Acionistas minoritários da Kora Saúde receberam com estranhamento a proposta da HIG Capital de tirar a empresa do Novo Mercado e fazer uma OPA ao preço máximo de R$ 0,87 por ação, o mesmo preço do fechamento do dia anterior ao anúncio.
A proposta foi apresentada domingo à noite ao conselho pela gestora americana de private equity, que detém 68% do capital da Kora. Os médicos fundadores têm outros 12% e o free float é de 20% das ações.
A HIG investiu na Kora em 2018 e levou a companhia para a Bolsa dois anos depois, vendendo cada ação a R$ 7,20.
O argumento da gestora para a saída do Novo Mercado — o segmento de mais alta governança da B3 — é de que ele cria restrições para a captação de recursos que resolveriam a estrutura de capital da companhia.
Na proposta, a HIG chegou a citar a emissão de ações preferenciais e a fusão com empresas “nacionais e estrangeiras” que não integrem o Novo Mercado.
Um acionista relevante do free float, no entanto, chamou a proposta de “uma quebra de contrato.”
“Quando você lista uma empresa no Novo Mercado você sabe que um dia vai precisar levantar dinheiro ou fazer um M&A. Se depois não quer fazer da forma que o Novo Mercado permite, isso é um contrato enganoso,” disse ele. “Tem que ser na alegria e na tristeza, na saúde e na doença. Em todos os momentos da vida.”
Esse acionista disse ainda que o movimento é um “exemplo ruim para o mercado de capitais” e uma “decisão estranha para uma empresa de private equity que vai precisar fazer outros IPOs e que depende do mercado.”
A HIG já levou três empresas de seu portfólio para a Bolsa — a Kora, a Eletromidia e a Desktop — e tem outros 10 investimentos no Brasil, que provavelmente usarão a Bolsa como porta de saída em algum momento.
Outro grande acionista do free float disse que a proposta precisa ser dividida em duas: a saída do Novo Mercado e o preço oferecido na OPA.
“A migração para o segmento tradicional acho que tem um ângulo que pode fazer sentido.

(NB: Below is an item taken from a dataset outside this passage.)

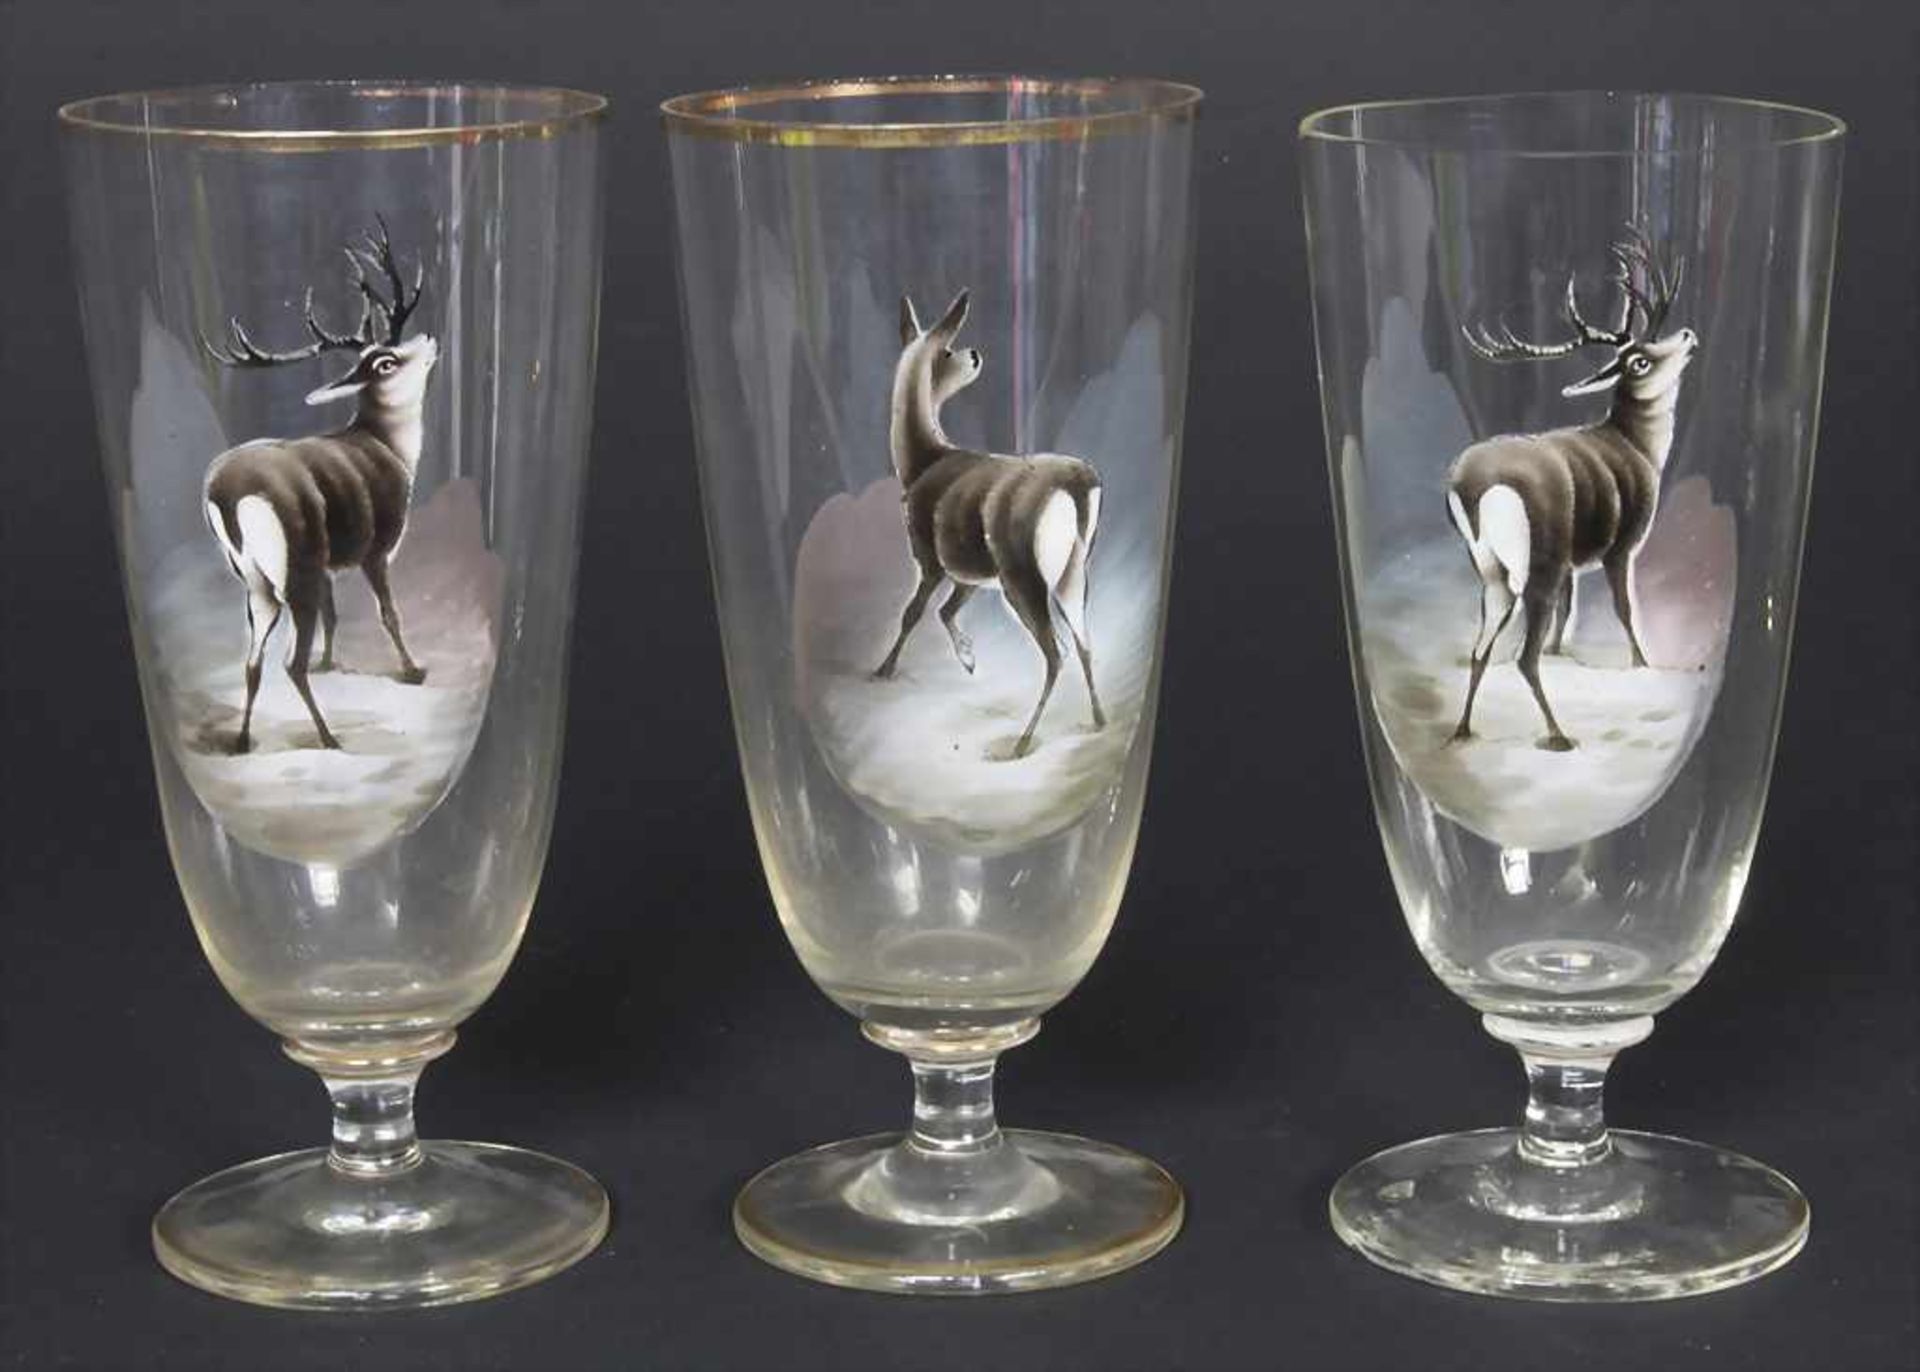 Saftkrug und 6 Gläser mit Hirschmotiven / A decanter and 6 glasses with deer decor, um 1900 - Image 2 of 6

Vai reduzir a governança, mas talvez seja algo necessário para conseguir fazer uma emissão de dívida conversível ou de ações preferenciais,” disse ele.
Agora, o preço de R$ 0,87 da OPA “é baixíssimo.”
“O cara está querendo comprar os minoritários a R$ 0,87 depois de ter feito o IPO a R$ 7,20,” disse esse gestor. “E olhando a foto da operação, ela está melhorando. A empresa tem um problema de capital de giro como todo o setor, mas a operação em si está melhor.”
“Precisa resolver a estrutura de capital? Vamos resolver juntos. O que não dá é: ‘você resolve e a gente fica de fora’.”
O outro gestor descreveu a situação com uma analogia simples: “Eles estão vendo o avião decolando e estão querendo decolar sozinhos.”
A Kora de fato está com uma estrutura de capital estressada: ela tem mais de R$ 2 bilhões de dívida líquida, com uma alavancagem de mais de 4x EBITDA, considerando os M&As a pagar.
Esse gestor ponderou, no entanto, que hospital é um negócio que aguenta uma alavancagem um pouco maior, já que os bancos em geral são mais abertos para emprestar para essas empresas porque são ativos “valiosos e únicos.”
“Se a empresa está com um problema para rolar a dívida, aí realmente tem que fazer algo. Mas senão acho que dá para aguentar o tranco mais um pouco, até porque o pior da crise do setor já ficou para trás.”
Na avaliação do valor justo da Kora, também é preciso levar em conta sua atratividade para outros players do setor, na visão desses gestores.
A companhia tem hospitais em regiões complementares ao portfólio de empresas como a Rede D’Or, Mater Dei e Dasa, que estão focadas mais em São Paulo, Rio de Janeiro, Belo Horizonte e Salvador.
Com operações em Goiânia, Espiríto Santo e Mato Grosso, a Kora poderia se tornar em algum momento um alvo interessante para essas companhias.